▶ **Dataset**
......

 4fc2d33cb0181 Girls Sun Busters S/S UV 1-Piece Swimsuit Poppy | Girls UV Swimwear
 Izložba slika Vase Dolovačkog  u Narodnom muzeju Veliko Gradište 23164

......

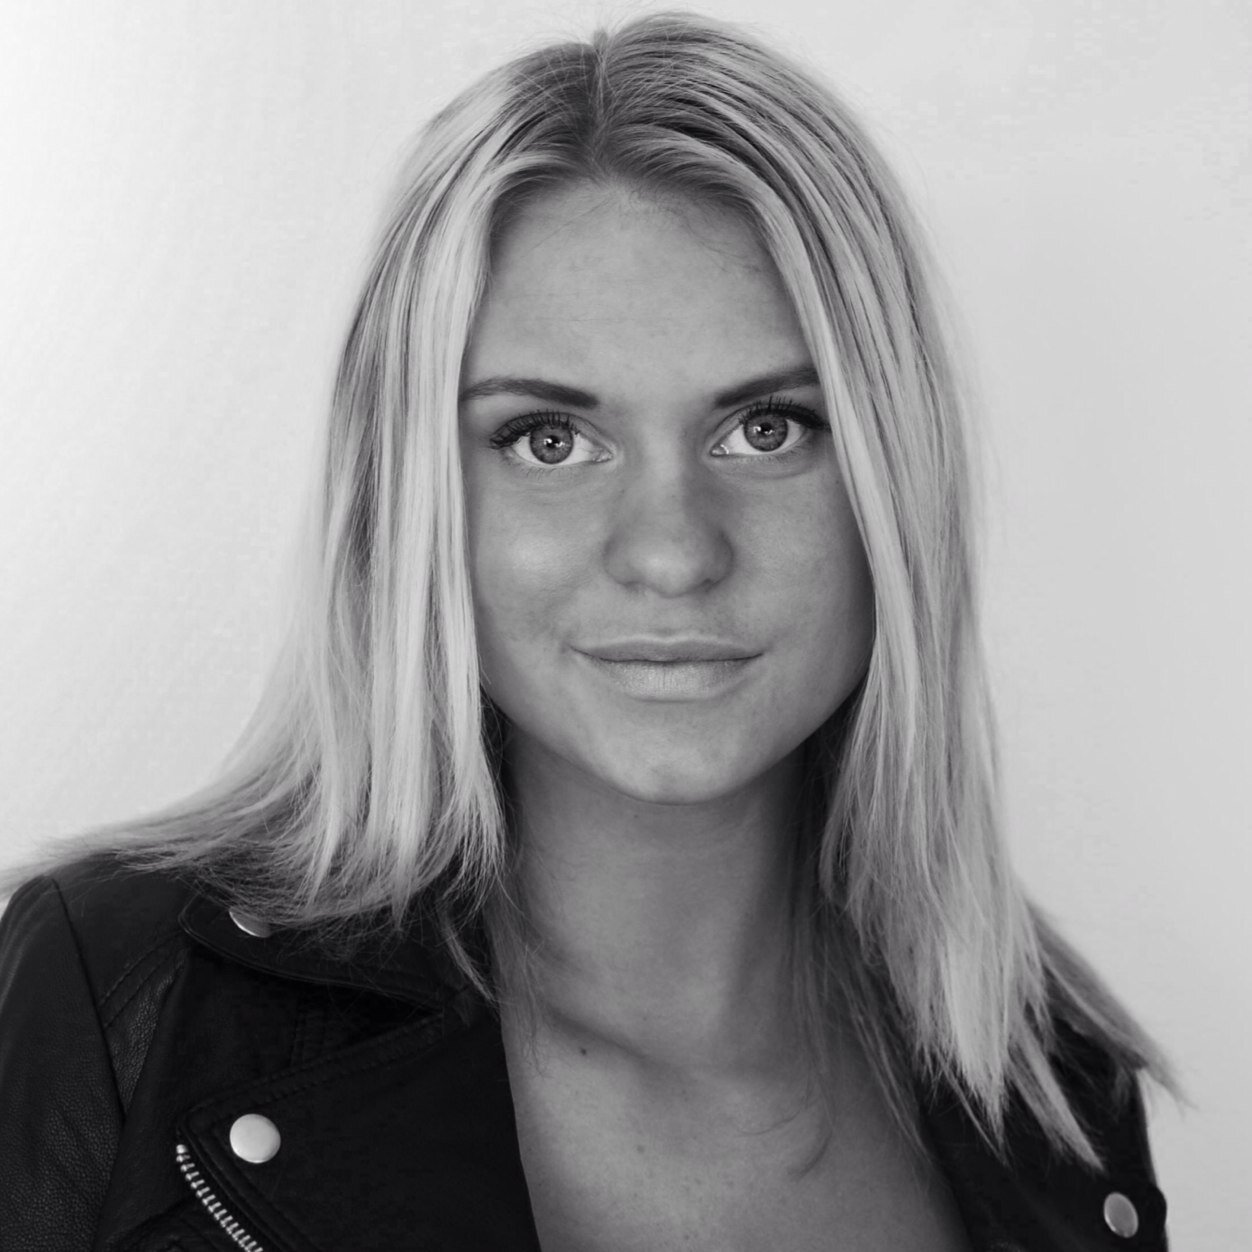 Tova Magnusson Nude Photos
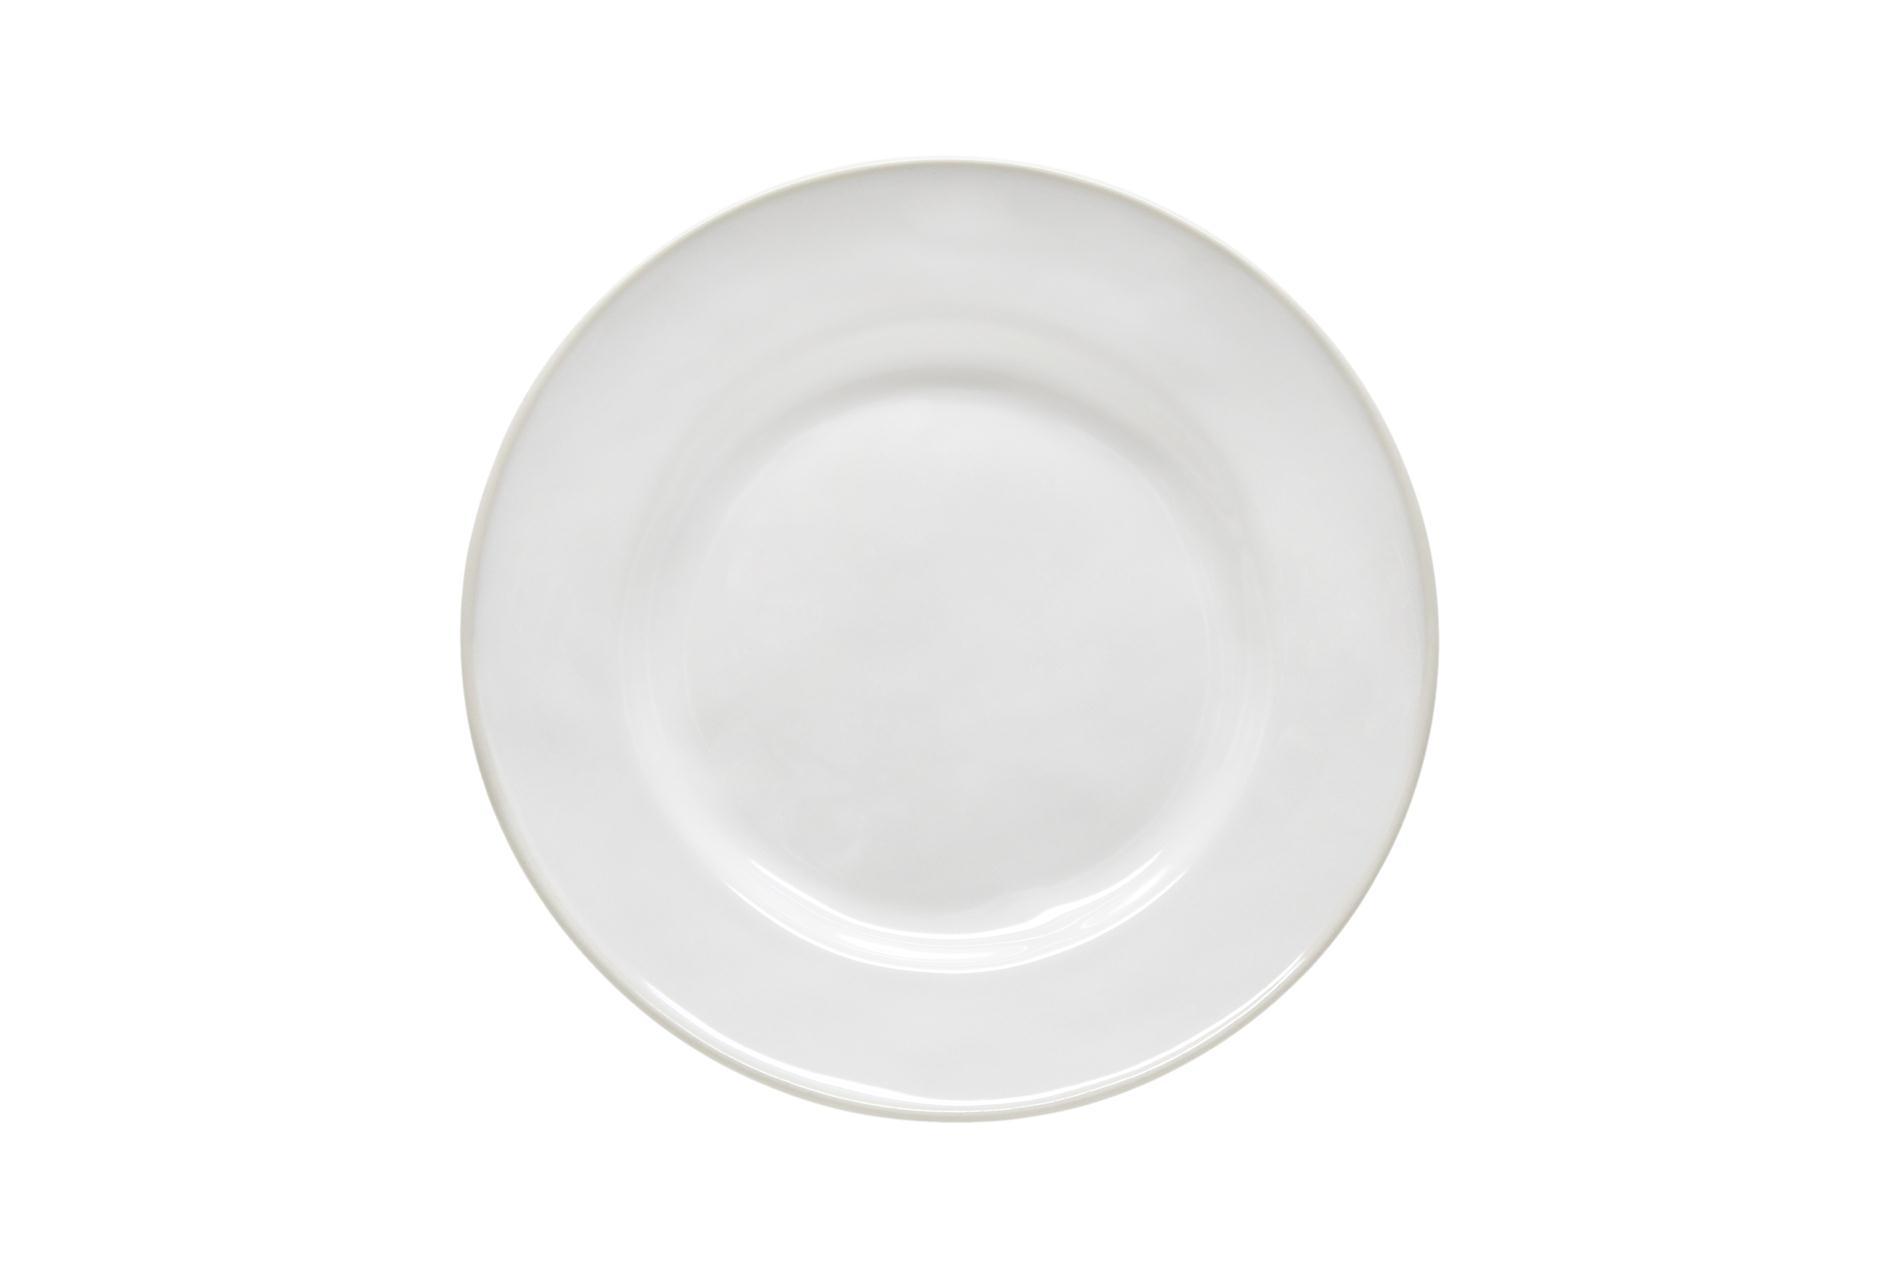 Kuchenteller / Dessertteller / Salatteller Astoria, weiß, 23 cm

......

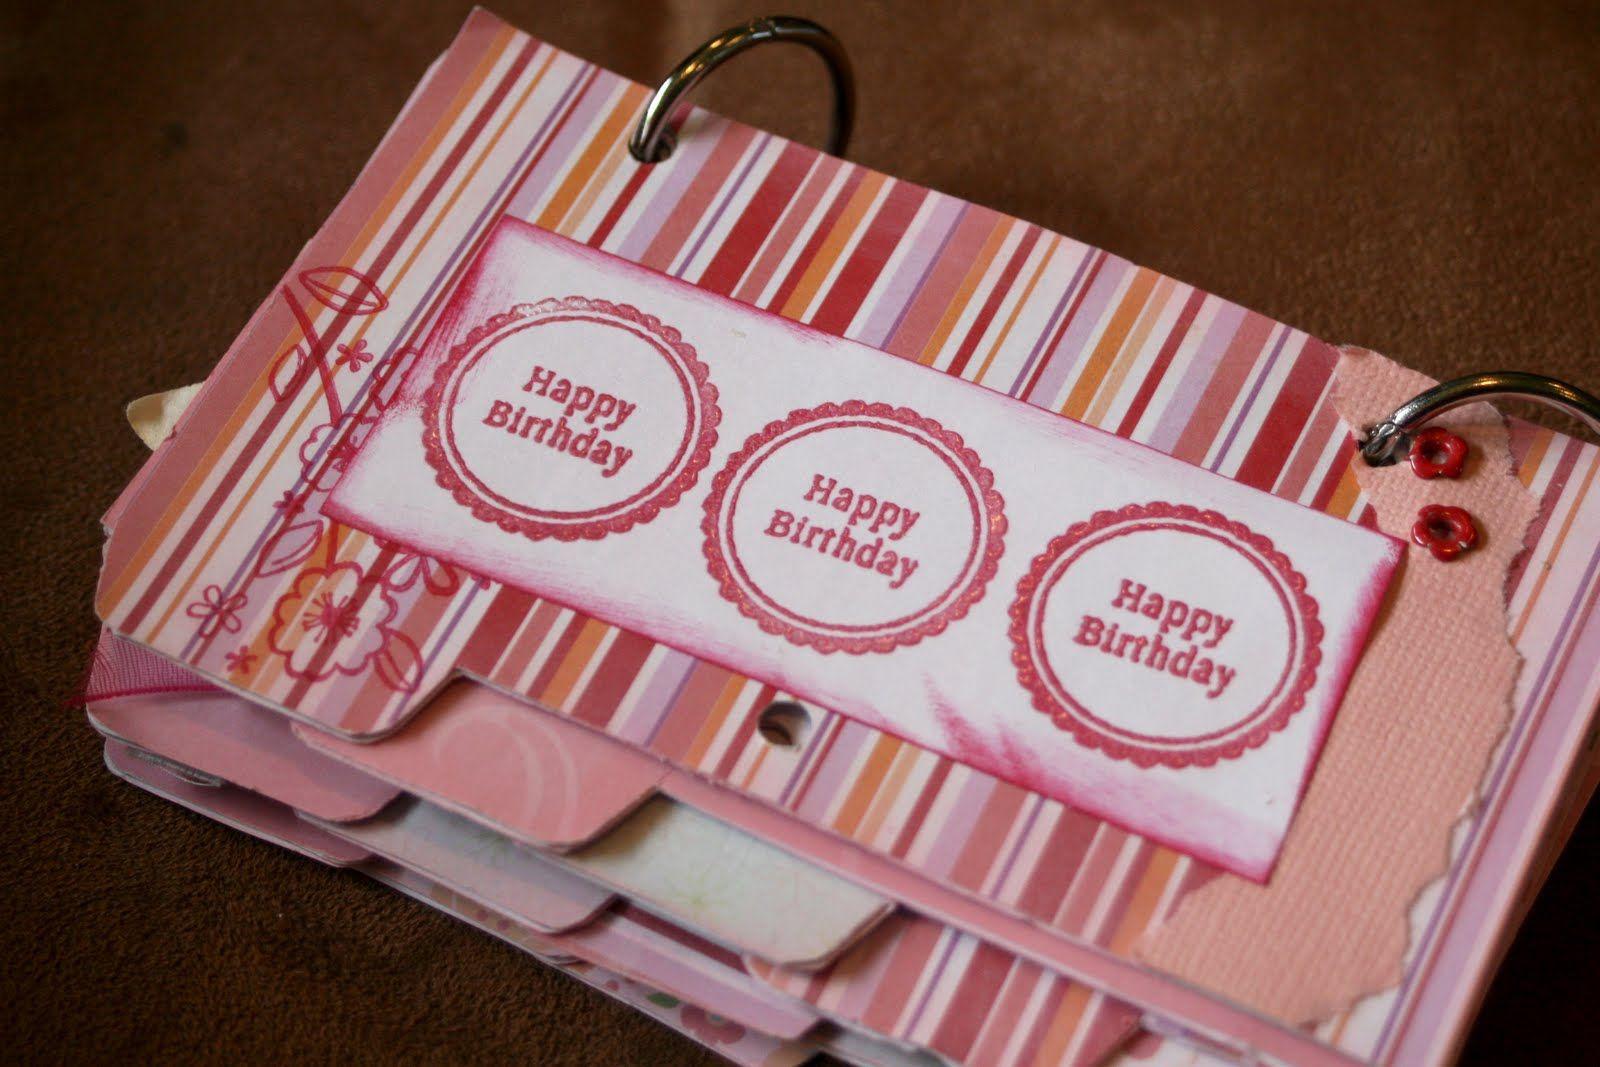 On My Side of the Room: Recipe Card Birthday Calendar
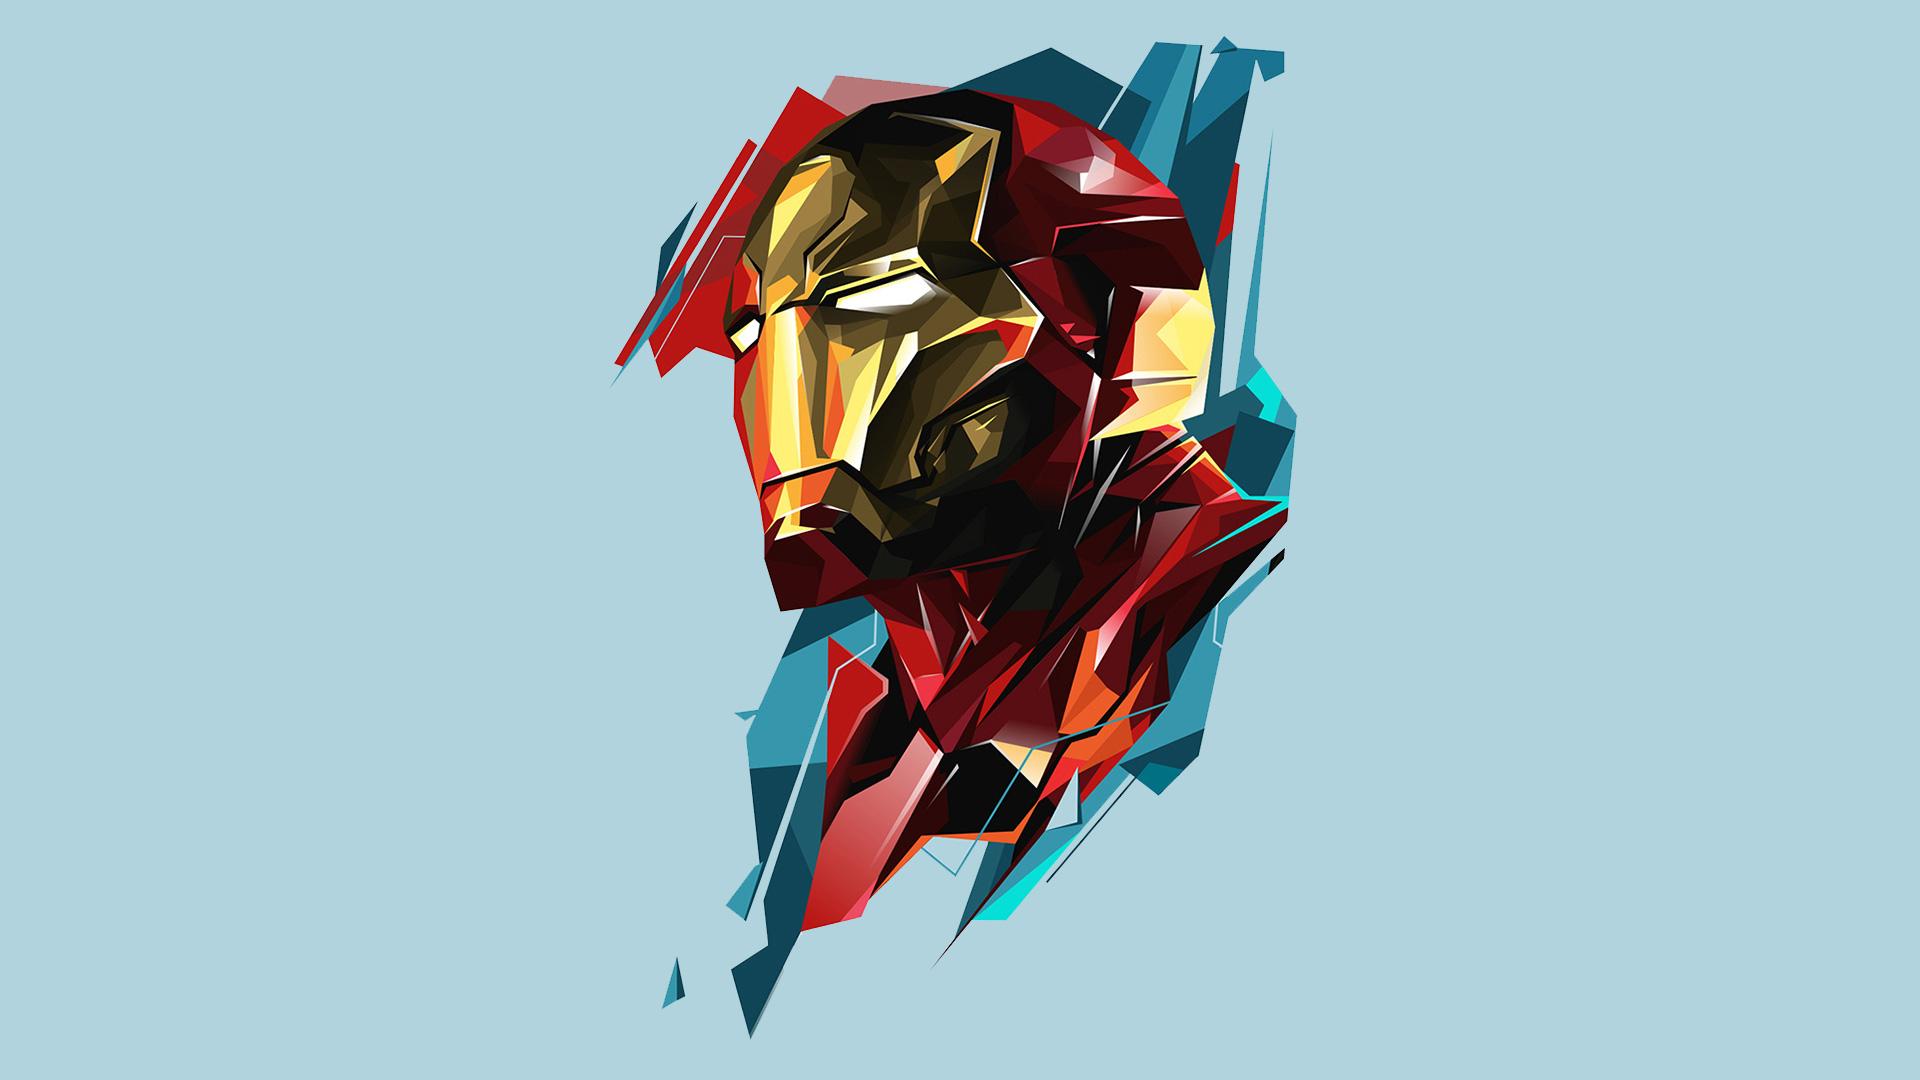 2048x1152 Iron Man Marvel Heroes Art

......

▶ **What you need to do**
Above this instruction are the records; retype exactly the lines from the one containing "4fc2d33cb0181 Girls Sun" up to and including the one containing "Izložba slika Vase".

▶ **Expected answer**
 4fc2d33cb0181 Girls Sun Busters S/S UV 1-Piece Swimsuit Poppy | Girls UV Swimwear
 Izložba slika Vase Dolovačkog  u Narodnom muzeju Veliko Gradište 23164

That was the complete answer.